My story, Please tell me how to make it stop!!!!!

My story, Please tell me how to make it stop!!!!!

Dbqtech

New Registrant
[TRIGGER WARNING--- GRAPHIC SEXUAL CONTENT]

Well this is my first post and I wanted t0 tell my

story. Over there past several years, a lot of bad

memories of my childhood have come back. I mean, I

seemed to have remembered stuff that I guess I had

buried somewhere long ago for no good reason I can

think of. I'm really having a hard time with trying

to come to grips with things over this and need

advice on where to go/what to do. The memories that

have come back to haunt me deal with the abuse was

done to me as a child by both of my parents.

It all started when I was about 4 or 5 I guess from

what I can remember. I was an only child at the time.

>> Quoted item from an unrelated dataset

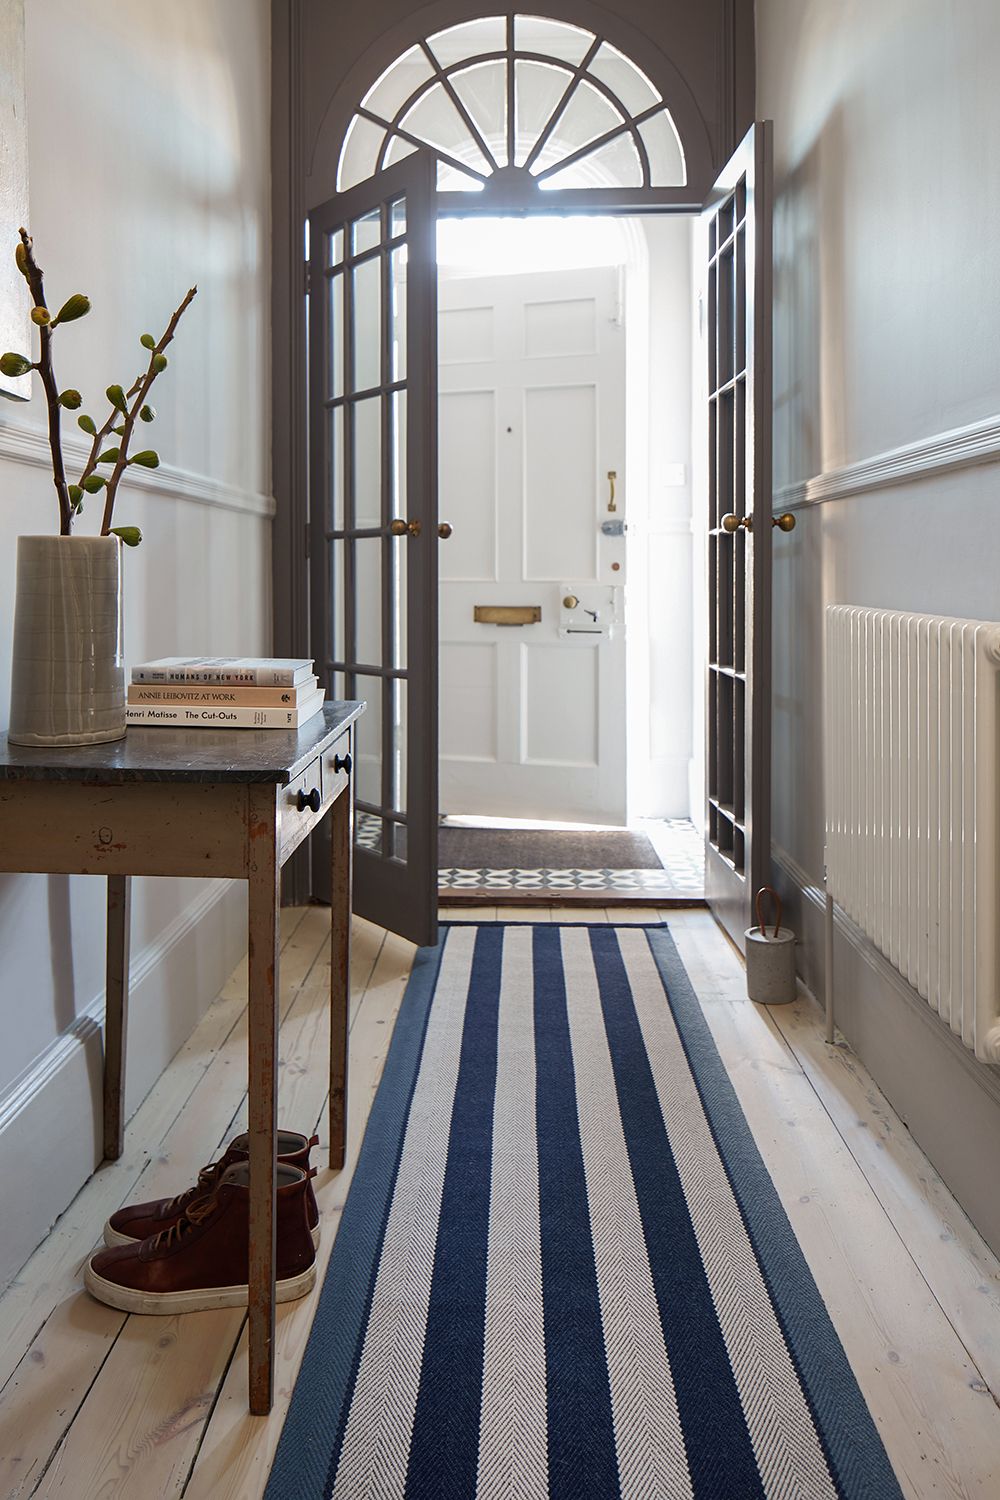 Hallway Rugs 10 Ideas To Add Style, Best Jute Rugs For Entryway

My father worked nights and my mom, like others at

the time was a stay at home mom. I remember very

vividly now how she would lay on the bed with nothing

on or no panties on exposing herself to me. She would

have me put my fingers in her and I guess, get her

off or something. I remember her having me do this

quite a lot. I don't remember ever thinking that this

was a bad thing or anything at the time. My mom was

kind of like a big playmate to me rather than being a

mom. She was pretty screwed up I guess as I found out

later on. Anyway, she and my dad had a lot of

problems and she ended up leaving when I was 5 and

had just started kindergarten. She left when my dad

was at work and left me home alone. After she had

been gone an hour or so, she called my grandmother

from somewhere and told her to come and get me.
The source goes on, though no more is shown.